Friday, September 22, 2023

Older


Older: 

older now, and I find myself less inclined towards certain things that once had a great pull for my participation. There's been a definite shift of energy, not so much a lessening, but just a change in how I wish to invest it, a quieter burn to my passions. I feel as if I'm in retreat from the world, and yet having an overwhelming love affair with life as well. A paradox perhaps.

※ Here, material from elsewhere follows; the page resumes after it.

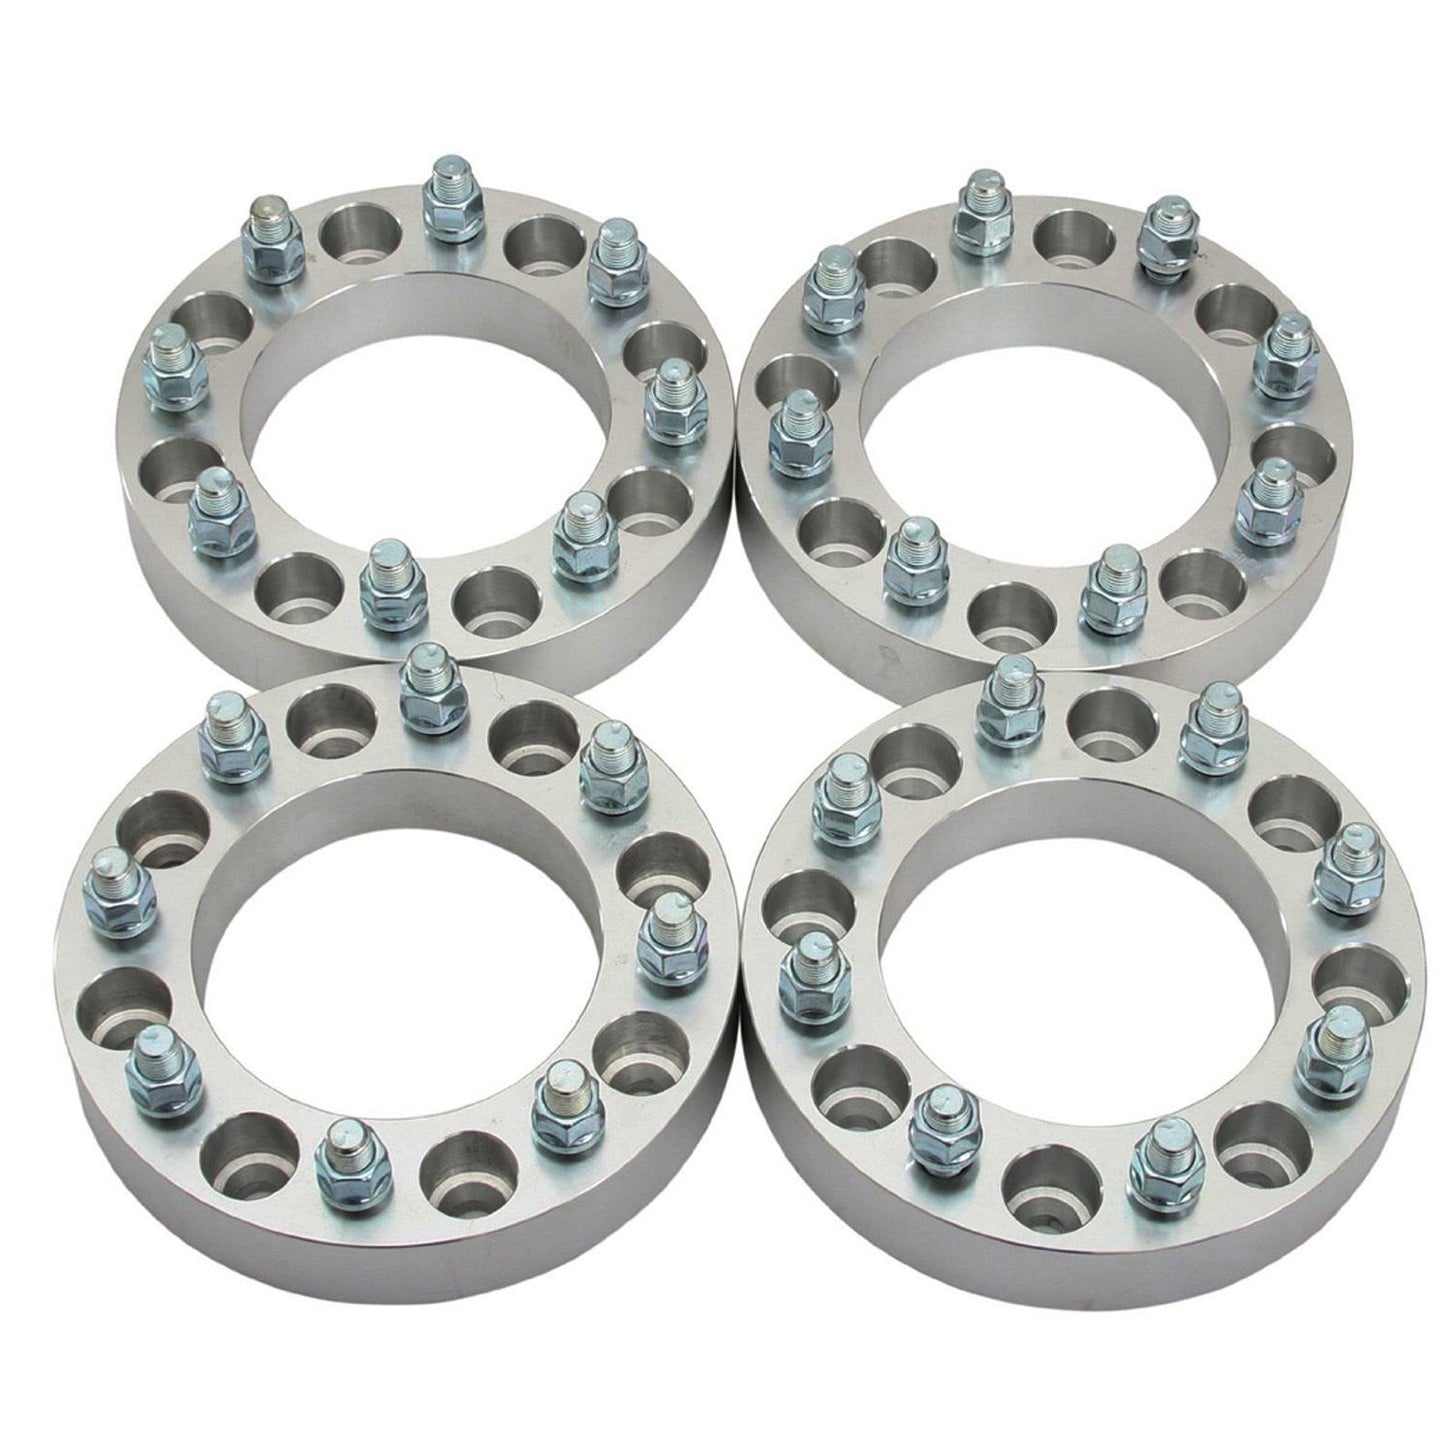 2 pairs 1.25" For Ford 250 350 | 8 x170 to 8 x170 Wheel Spacers Adapters 14x1.5 Stud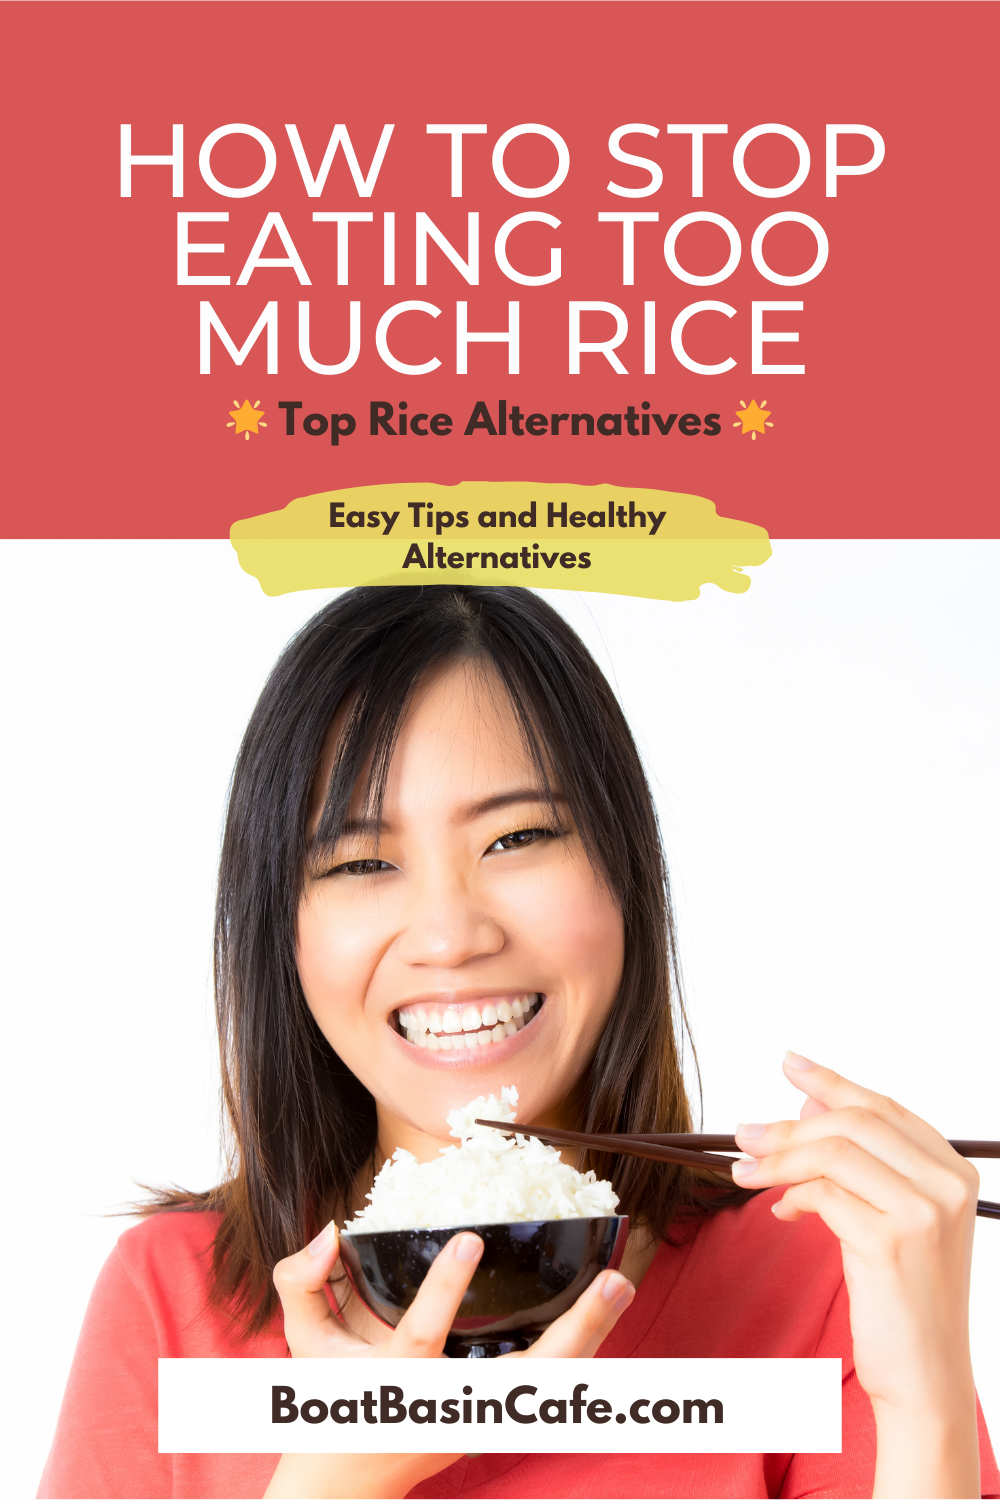 How to Stop Eating Too Much Rice: Easy Tips and Healthy Alternatives

It's the best that I can do to explain it - and being older now, I'm less inclined to offer an explanation of my every contradiction and simply accept myself as I'm found. 

ever changing.

shifting.

a new expression being shown. 

I'm sure the recent pandemic pushed me in slight retreat, and my fathers death caused me to examine my priorities and the energy spent on things that now seemed a bit diminished. Really though, it's more of a call towards an interior life, simplicity, living a life of bare essence without need to chase the goals that once held such great importance. It's not that I love anything less than before, or that I don't foresee myself ever emerging from this inner retreat and participating once more in an outward expression of life. But at this point it just doesn't seem a possibility, it would be forced, uncomfortable, and worse, completely unauthentic to who I am right now. 

and older, I'm less inclined to being anything other than myself. 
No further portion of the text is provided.